• [Material provided]:
################

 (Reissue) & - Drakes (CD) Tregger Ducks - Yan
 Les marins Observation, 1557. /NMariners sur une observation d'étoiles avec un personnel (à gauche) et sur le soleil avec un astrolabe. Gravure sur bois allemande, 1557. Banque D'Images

################

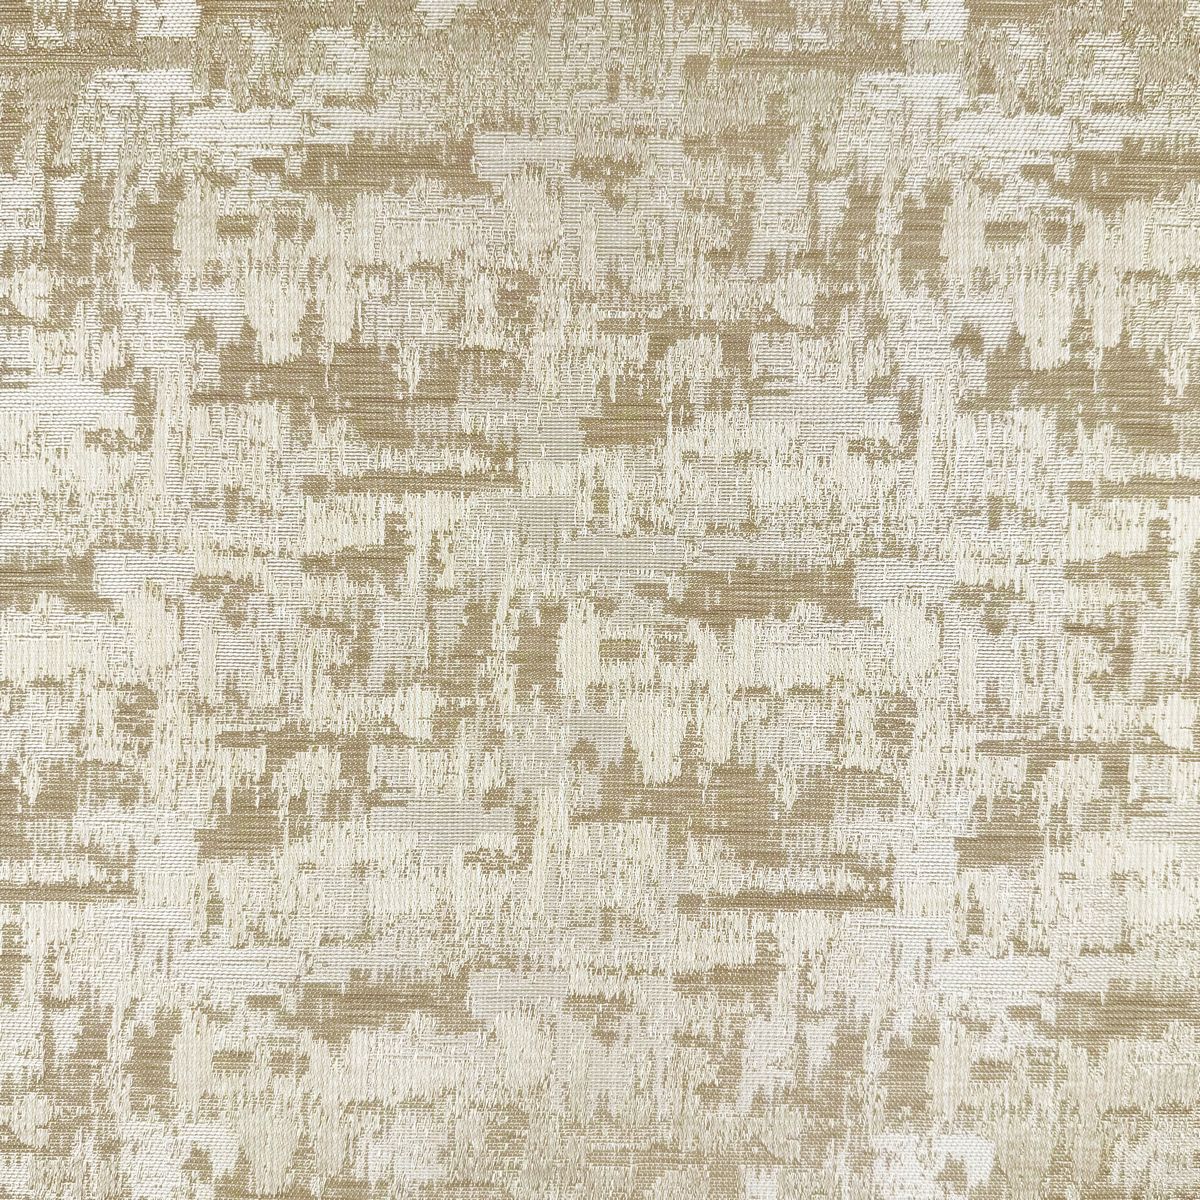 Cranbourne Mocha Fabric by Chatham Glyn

################

• [Aim of the task]:
From the entries above, restate word for word the lines from the line containing "(Reissue) & - Drakes" to the line containing "Les marins Observation, 1557.", both ends included, and nothing more.

• [Answer for the task]:
 (Reissue) & - Drakes (CD) Tregger Ducks - Yan
 Les marins Observation, 1557. /NMariners sur une observation d'étoiles avec un personnel (à gauche) et sur le soleil avec un astrolabe. Gravure sur bois allemande, 1557. Banque D'Images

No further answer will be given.